Mastodawn

Administrative account Nov 18, 2022

As more academics reach Fedi, please PLEASE consider not doing research on users here without explicit opt-in consent

This isn't a zoo

It's not just condescending for you to treat us that way, it's also against a lot of instances' terms of use

See "Use of Scholar Social for research" at the following link for an example:

https://scholar.social/privacy-policy

Scholar Social

Microblogging for researchers, grad students, librarians, archivists, undergrads, high schoolers, educators, research assistants, profs—anyone involved in learning who engages with others respectfully

Mastodon hosted on scholar.social

Show thread

Dr. Tim Schatto-Eckrodt Nov 18, 2022

@socrates Thank you for sharing! I’m not quite sure if I agree with that policy. I feel like a post that is set to be publicly accessible constitutes public communication.

I would agree that publishing more than just anonymized aggregate data or IDs (like Twitters TOS suggest) is out of the question but analyzing public communication can’t require a specific opt-in from every user. That does not seem feasible to me.

Show thread

Josh Braun Nov 18, 2022

@Kudusch @socrates I feel like Kususch's stance on this is probably more nuanced than is coming across in this thread, but FWIW the Association of Internet Researchers argues, as a scholarly community, that context matters when deciding what should count as "public" for the purpose of research. I recommend reading this post by Hugh Rundle for an idea of how long-time Mastodon users have viewed their contributions and privacy in context. https://www.hughrundle.net/home-invasion/

[Edited for clarity]

Home invasion - Mastodon's Eternal September begins

The fediverse is dealing with a huge wave of Twitter people bringing toxic ideas with them.

Show thread

Administrative account Nov 18, 2022

@josh @Kudusch Okay the context here is that we told you explicitly not to do it and now you're aware of that expectation

Many of our users came here to *avoid* being included in Cambridge Analytica type situations and we're telling you: No

That's the context

If a person talking in a public place like a coffee shop told you "stop writing down everything I'm saying," what would the right thing to do be?

Show thread

Dr. Tim Schatto-Eckrodt Nov 18, 2022

@socrates @josh I definitely get what you are saying. An explicit opt-out like for the users of scholar.social must be considered. That's basic research ethics.

My background is in disinformation studies, where there are usually very little good-faith actors. Users actively using the fediverse to spread (potentially harmful) misinformation are tough to identify before somehow accessing public communication at large.

Show thread

Dr. Tim Schatto-Eckrodt Nov 18, 2022

@socrates @josh

Maybe implementing something like an opt-in for (non-commercial) research on an account-basis that can be access through the API could be a solution on the long-run.

Show thread

Administrative account

@Kudusch @josh Now that would be very interesting

Show thread

Dr. Tim Schatto-Eckrodt Nov 18, 2022

@socrates @josh That would still leave the issue of bad-faith actors unsolved, but actually building research consent into the protocol itself might be a good start!

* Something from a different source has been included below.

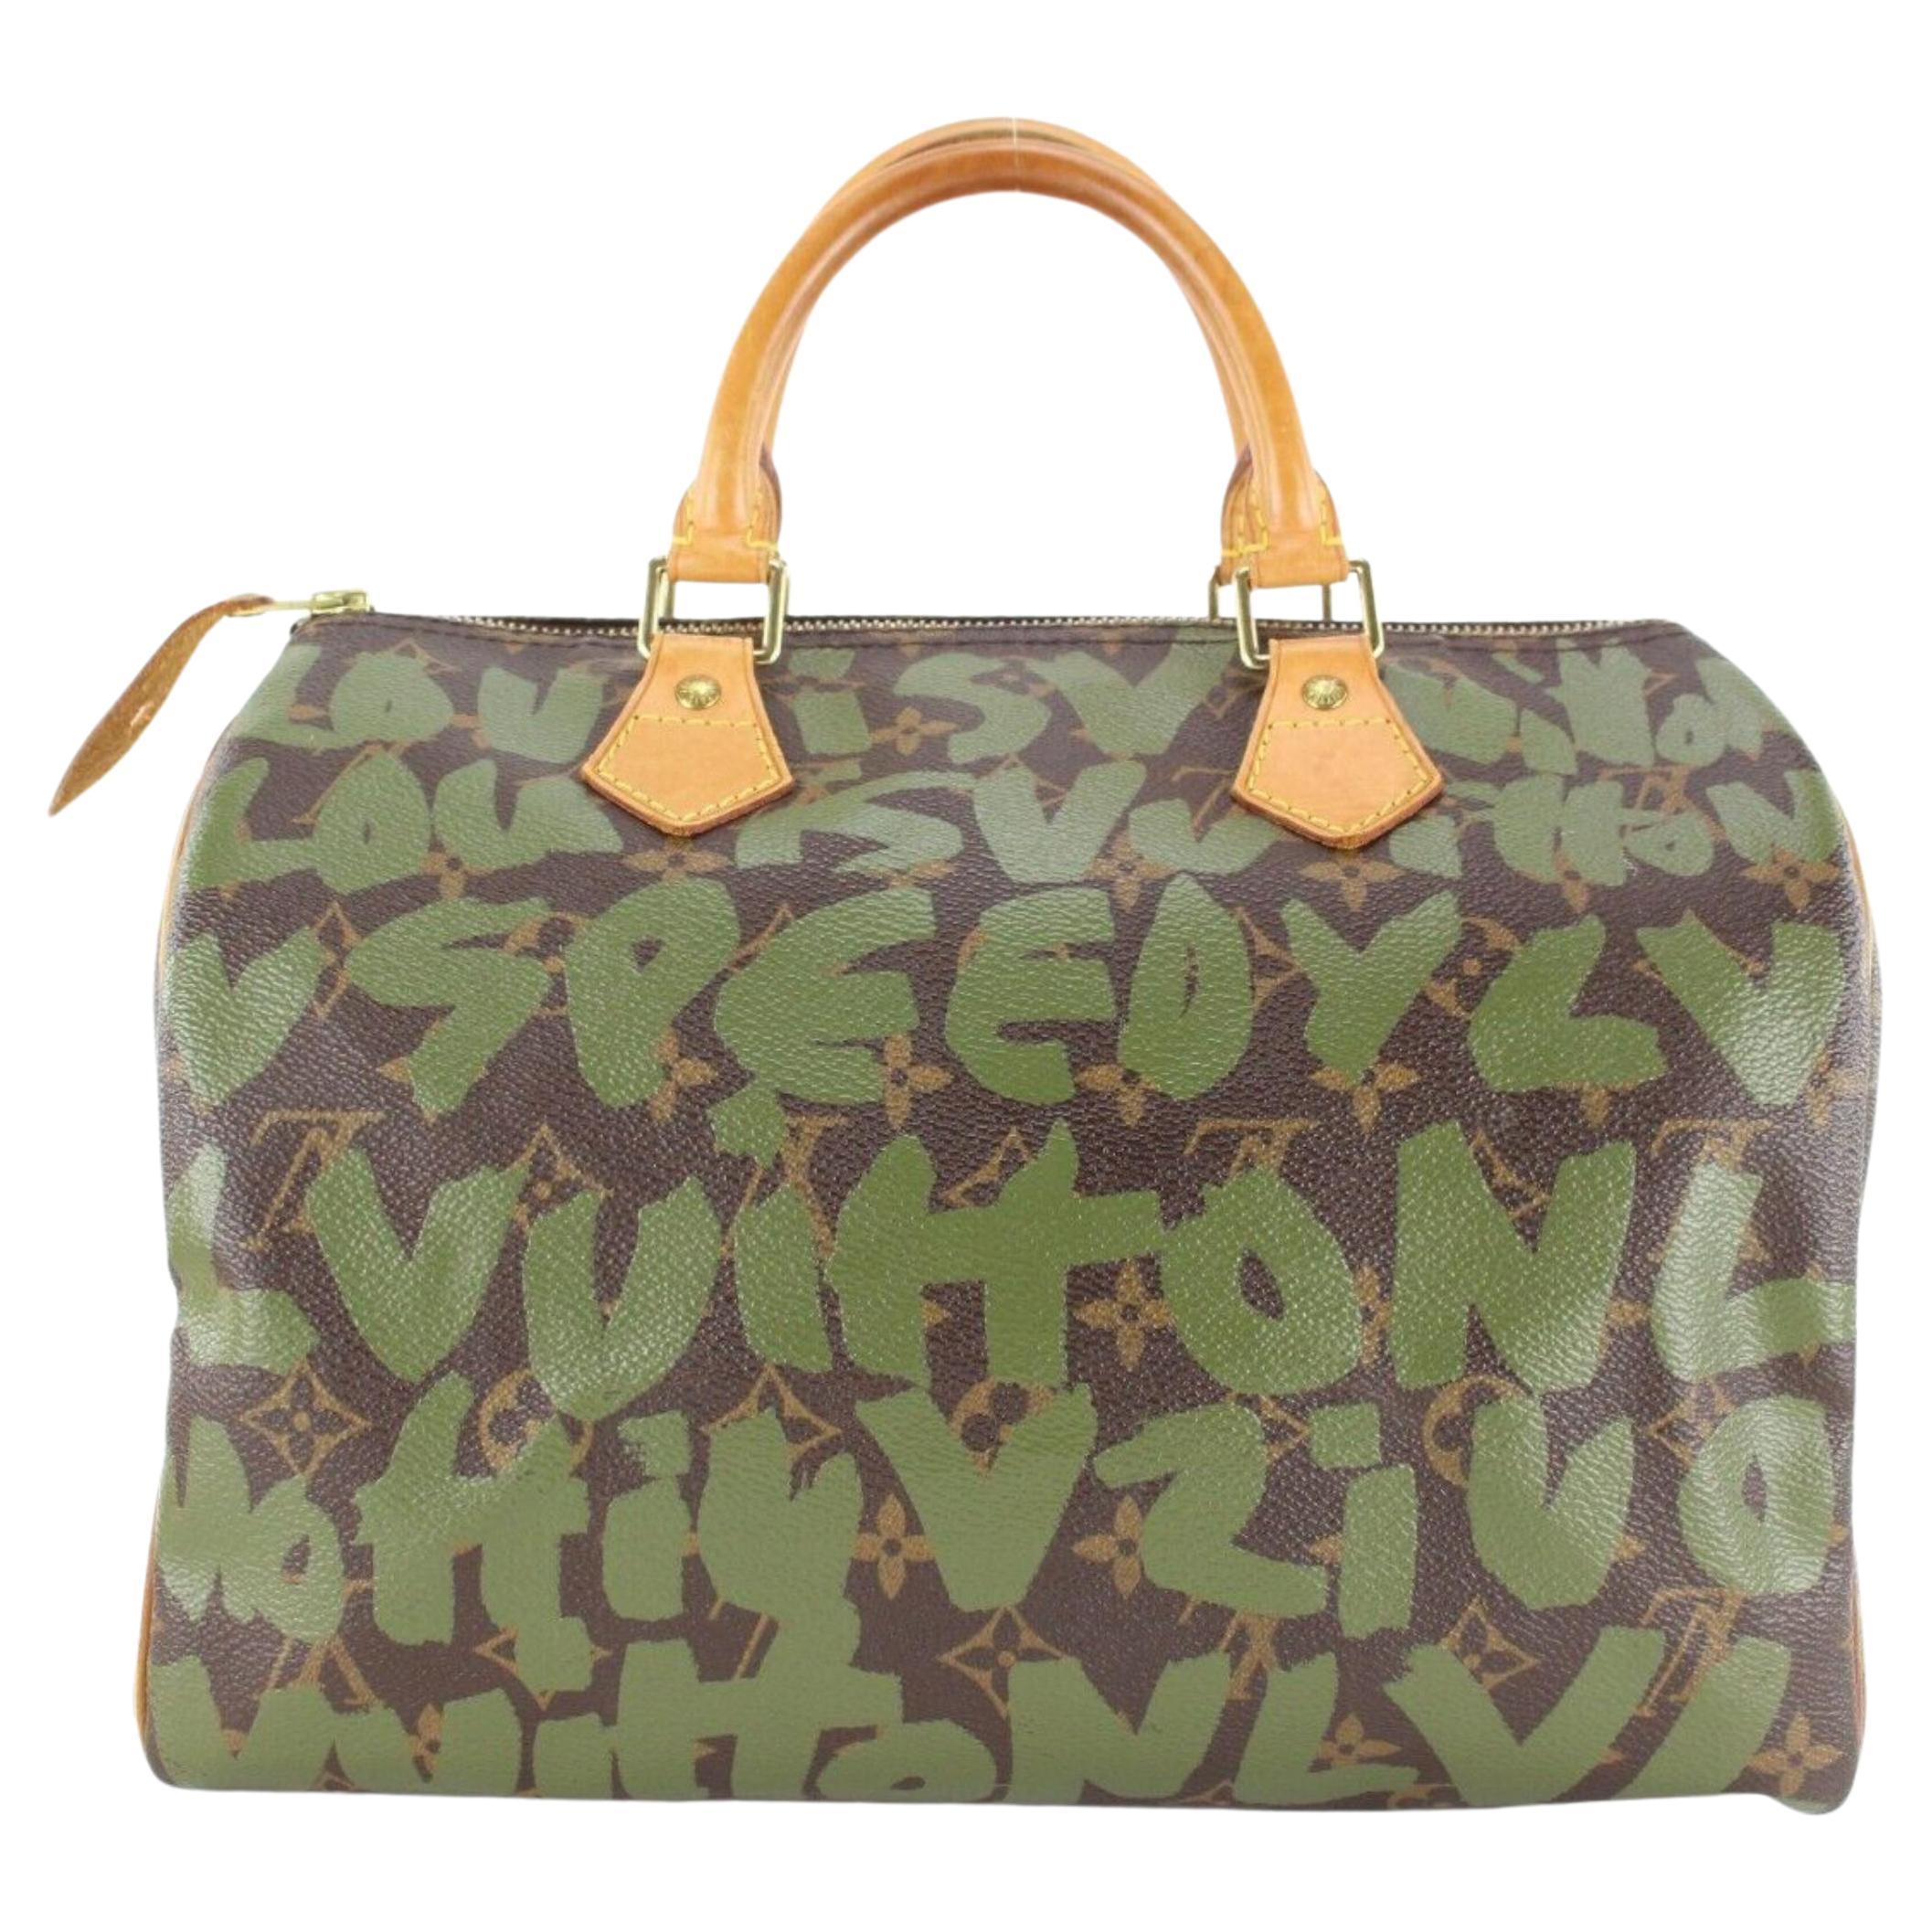 Louis Vuitton Stephen Sprouse Khaki Green Graffiti Speedy 30 Monogram 1LVJ1202
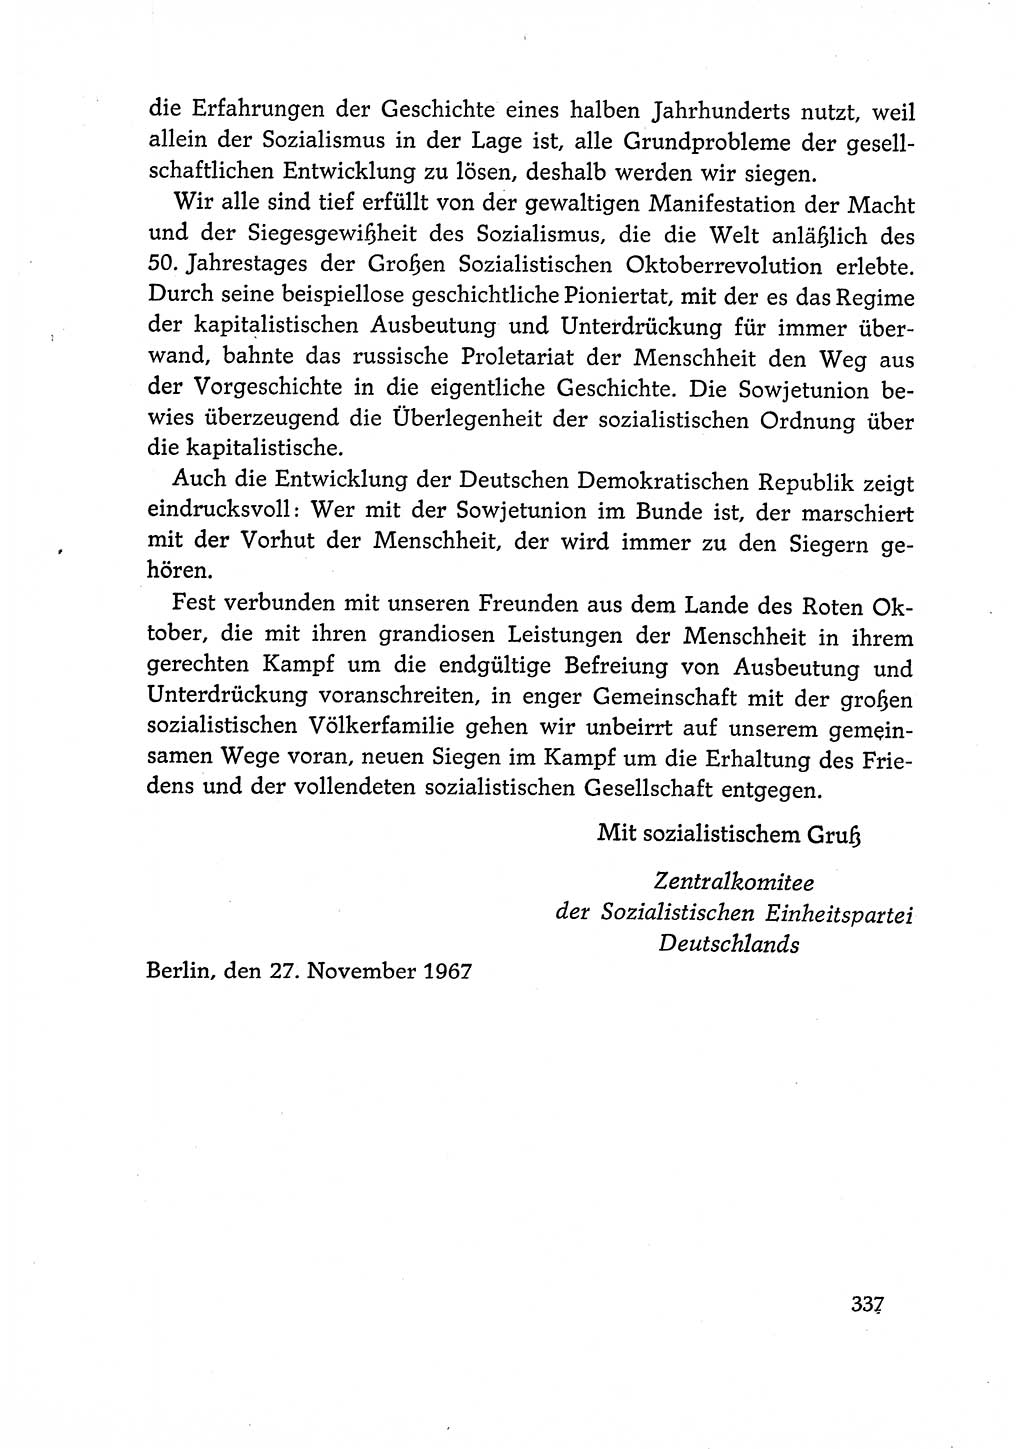 Dokumente der Sozialistischen Einheitspartei Deutschlands (SED) [Deutsche Demokratische Republik (DDR)] 1966-1967, Seite 337 (Dok. SED DDR 1966-1967, S. 337)

Because, if I'd access the API from an instance where research is even explicit allowed, I still might get content from users of instances, where it is not. Being able to just filter out user's content that opted-out would be very helpful.

Show thread

Mark Dang-Anh Nov 19, 2022

@Kudusch @socrates @josh we had a similar discussion https://scholar.social/@mdanganh/109304920124242505 i.a. @javier suggested: "do not scrap" meta tag as default, plus an opt-in option for active consent in the preferences for sharing account contents for research purposes (open science, non-commercial). That info would have to be available via API.
Tools like {rtoot} should be designed to only scrape accounts that have actively consented (still, *informed* consent is an issue)

Mark Dang-Anh (@[email protected])

I guess that many fellow linguists and social media researchers who, like me, are new here, are already itching to compile corpora from Mastodon data. I have to admit, so do I. But all I can find on #scraping in toots, server rules and blogs is: "Don't! Scrape! Mastodon!" May this be the right time to rethink ingrained research habits, reconsider ethical standards and adapt to a new community and a different social media culture? Any thoughts? #researchethics @linguistics #corpuslinguistics

Scholar Social

Show thread

Josh Braun Nov 19, 2022

@mdanganh @Kudusch @socrates @javier Could you set up a bot/relay tied to the crawler that would notify a user via a DM that their instance or account had been scraped, give a link to a study description, and provide info for opting out post-hoc, even if their initial profile metadata had indicated opt-in? And provide the researchers' contact info, obviously.

Show thread

Dr. Tim Schatto-Eckrodt Nov 19, 2022

@socrates @mdanganh @josh @javier That’s a fantastic idea!

Show thread

Josh Braun Nov 19, 2022

@Kudusch @socrates @mdanganh @javier Unless it becomes spam. No one would want to get 40 of these a month.